Changes in the Number and Composition of Chloroplasts during Senescence of Mesophyll Cells of Attached and Detached Primary Leaves of Wheat (Triticum aestivum L.)

Changes in the number and composition of chloroplasts of mesophyll cells were followed during senescence of the primary leaf of wheat (Triticum aestivum L.). Senescence was due to the natural pattern of leaf ontogeny or was either induced by leaf detachment and incubation in darkness, or incubation of attached leaves in the dark. In each case discrete sections (1 centimeter) of the leaf, representing mesophyll cells of the basal, middle, and tip regions, were examined. For all treatments, senescence was characterized by a loss of chlorophyll and the protein ribulose 1,5-bisphosphate carboxylase (RuBPCase). Chloroplast number per mesophyll cell remained essentially constant during senescence. It was not until more than 80% of the plastid chlorophyll and RuBPCase was degraded that some reduction (22%) in chloroplast number per mesophyll cell was recorded and this was invariably in the mesophyll cells of the leaf tip. We conclude that these data are consistent with the idea that degradation occurs within the chloroplast and that all chloroplasts in a mesophyll cell senesce with a high degree of synchrony rather than each chloroplast senescing sequentially.     
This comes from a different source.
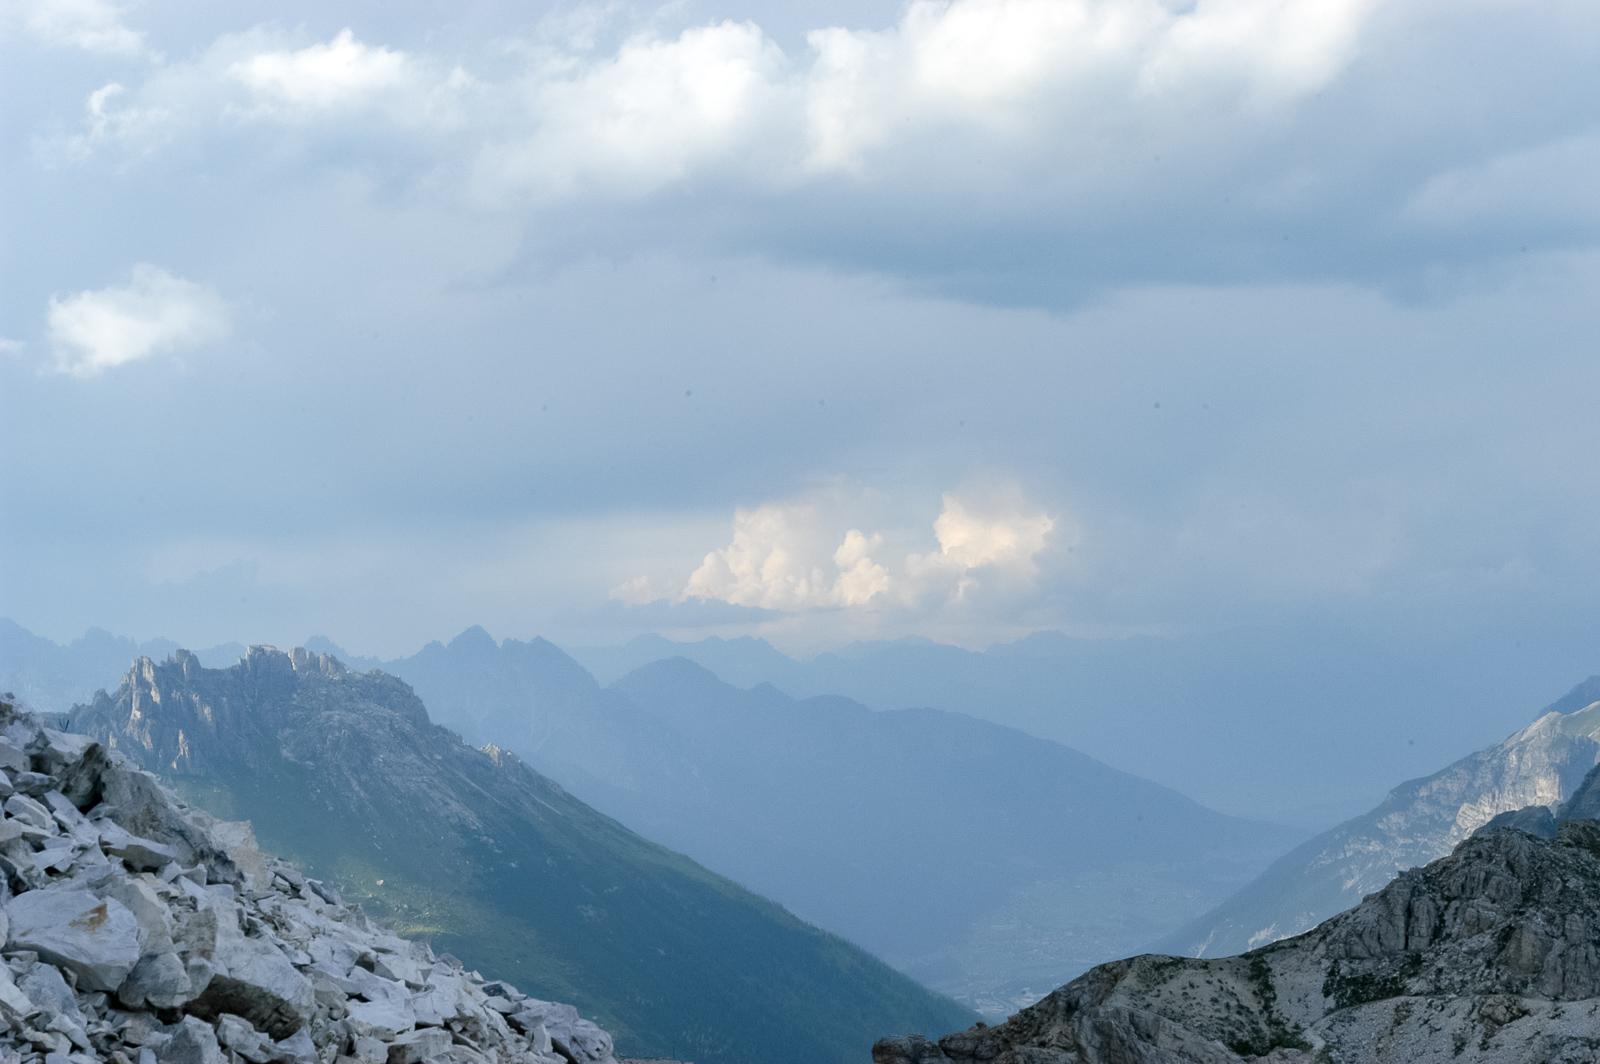 Regen braut sich zusammen. Über dem Elfer (links) und der Ochsenwand (im Mittelgrund). Ganz hinten die Nordkette bei Innsbruck.

Rubiscolytics: fate of Rubisco after its enzymatic function in a cell is terminated

Ribulose-1,5-bisphosphate carboxylase/oxygenase (Rubisco) is the predominant protein in photosynthesizing plant parts and the most abundant protein on earth. Amino acids deriving from its net degradation during senescence are transported to sinks (e.g. developing leaves, fruits). Rubisco catabolism is not controlled only by the overall sink demand. An accumulation of carbohydrates may also accelerate senescence and Rubisco degradation under certain conditions. Amino acids produced by proteolysis are rapidly redistributed in plants with proper source-sink relationships. In leaves of wheat plants with reduced sink capacity (e.g. sink removal, phloem interruption by steam girdling at the leaf base), Rubisco is degraded and free amino acids accumulate. They may be washed out in the rain during late senescence. In leaves of depodded soybeans, Rubisco is degraded and amino acids can be reutilized in these leaves for the synthesis of special vacuolar proteins in the paraveinal mesophyll (vegetative storage proteins). Nitrogen deriving from Rubisco degradation in older (senescing) leaves of annual crops is integrated to some extent again in newly synthesized Rubisco in younger leaves or photosynthesizing tissues of fruits. Finally, a high percentage of this nitrogen is accumulated in protein bodies (storage proteins). At the subcellular level, Rubisco can be degraded in intact chloroplasts. Reactive oxygen species may directly cleave the large subunit or modify it to become more susceptible to proteolysis. A metalloendopeptidase may play an important role in Rubisco degradation within intact chloroplasts. Additionally, the involvement of vacuolar endopeptidase(s) in Rubisco catabolism (at least under certain conditions) was postulated by various laboratories.